The Web provides a mechanism for letting users spread the word about their new projects, as well as for syndicating the competences they already have and recombining innovations. The Web is much more than an information distribution network—it’s a place where users can talk about the new kinds of businesses that are relatively easy to assemble in this hugely productive virtual space.

Thinking about these components will help you move your business forward and focus on how to make your projects take off, without getting trapped in the “powerful anti-meeting spell” of endless contemplation about whether something is Web 1.0 or Web 2.0. The network effects and audiences are out there waiting, and they are not particularly concerned with how you categorize your project.

As you integrate these principles into your projects, you should also keep an eye out to see what other businesses are doing, and not just Web 2.0 companies like Flickr, Twitter, or even Google. Amazon, a classic dot-com pioneer, integrates Web 2.0 approaches into every page of its bookselling site and tests new possibilities constantly. Exploring Amazon, perhaps together with fellow members of your team, can be a good way to look for ideas that might work well for you. As Web 2.0 ideas spread, they adapt to new circumstances and situations to create more opportunities. They may not always be your opportunities, but this new field is churning out innovations as well as potential partners.

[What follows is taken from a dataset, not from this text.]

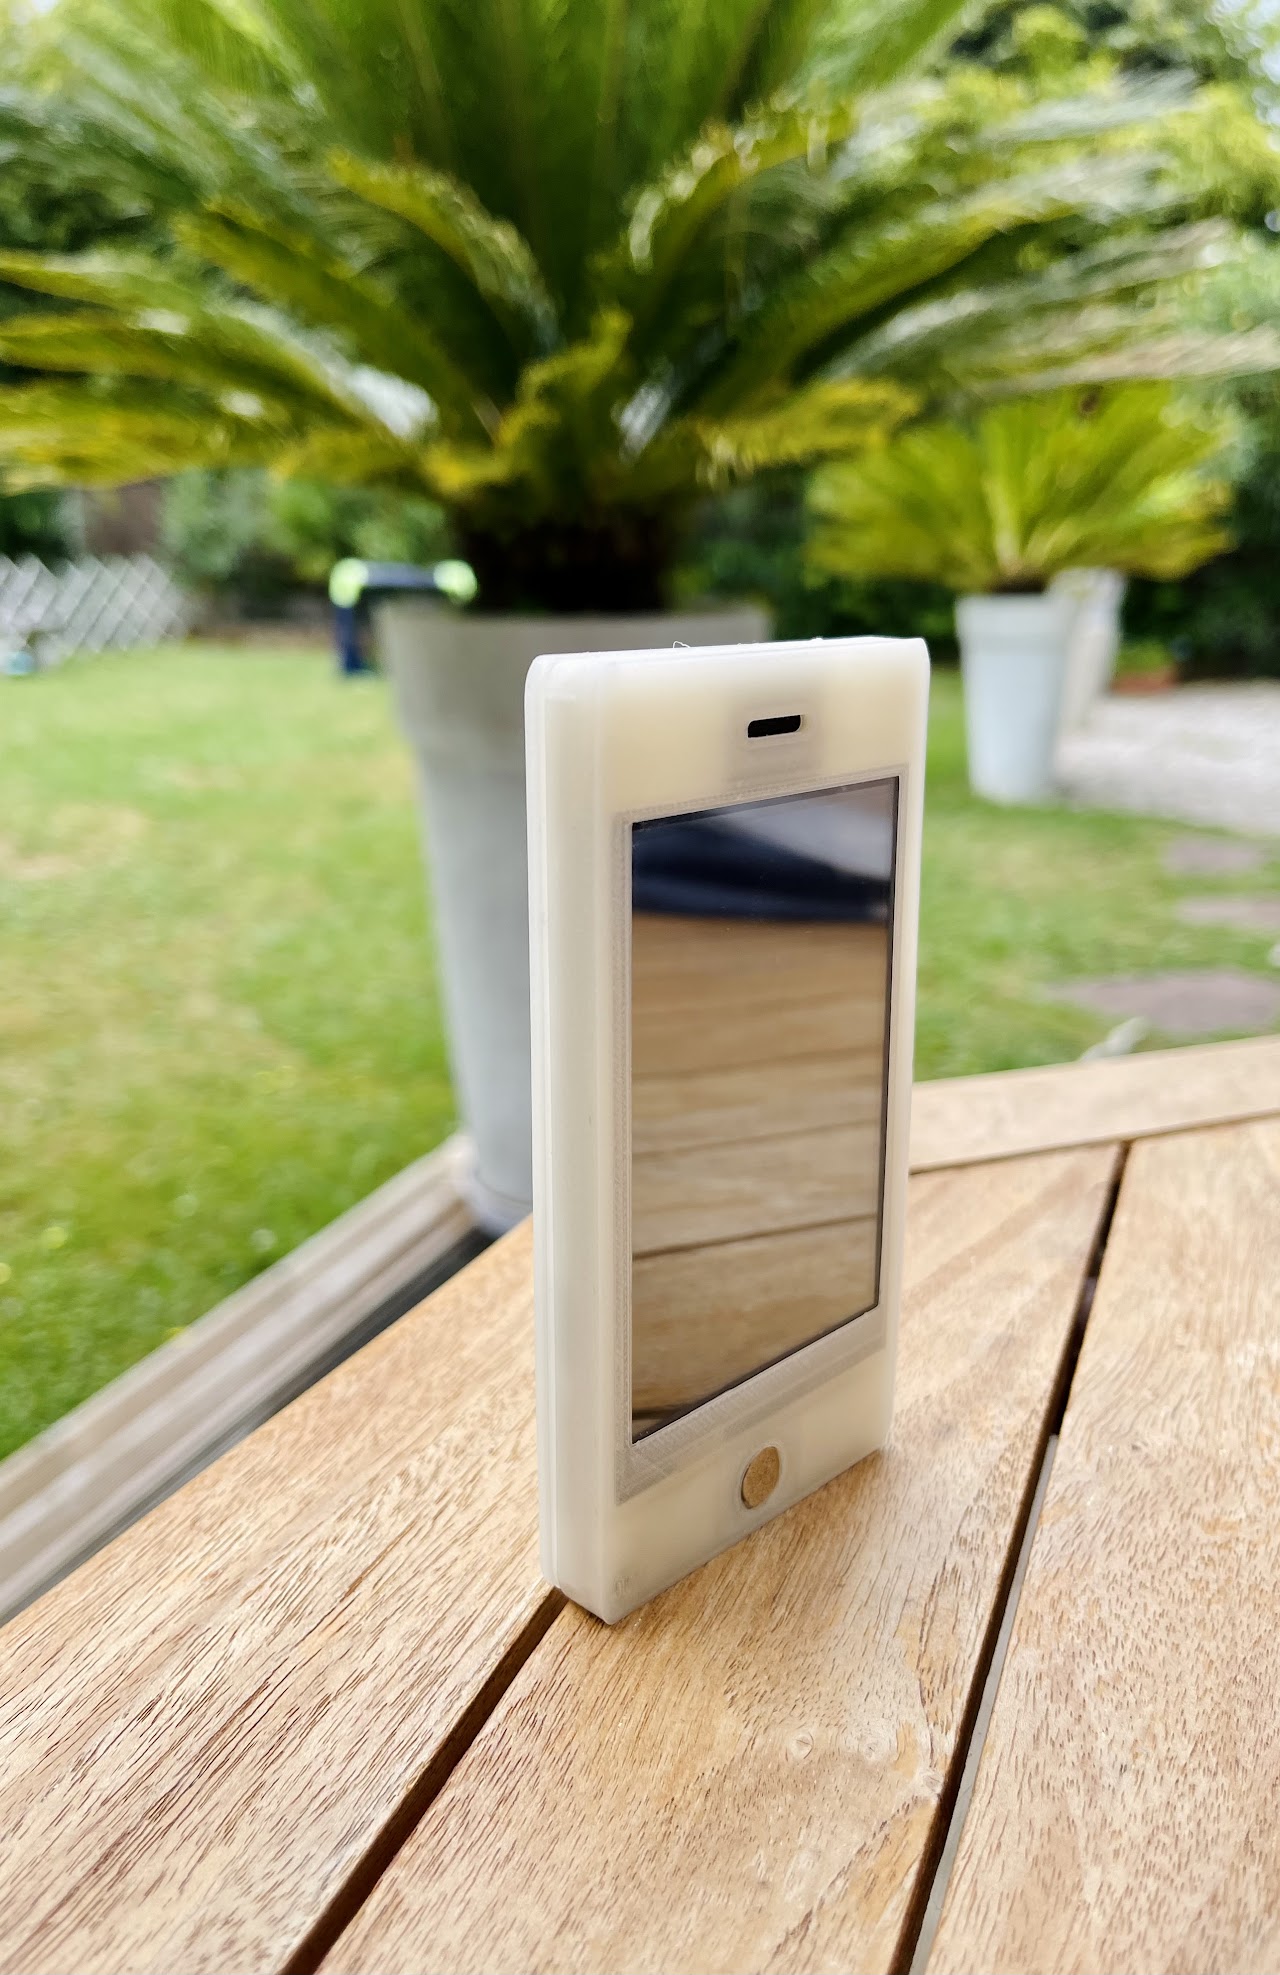 Image du téléphone de face posé verticalement sur une table en bois

It’s also important to remember that you don’t have to use every feature covered in this book to create a successful Web 2.0 business. The low cost and high connectivity of the Web mean that you can experiment easily, building a starter application to find an initial audience, and then continue to build in the directions that you find (perhaps with the help of your user base) to accelerate growth. You may not be able to predict exactly what users want until they’re interested in what you have, and once you provide it, they’ll help promote your work, contribute to your project’s value, and help you find the next big opportunity.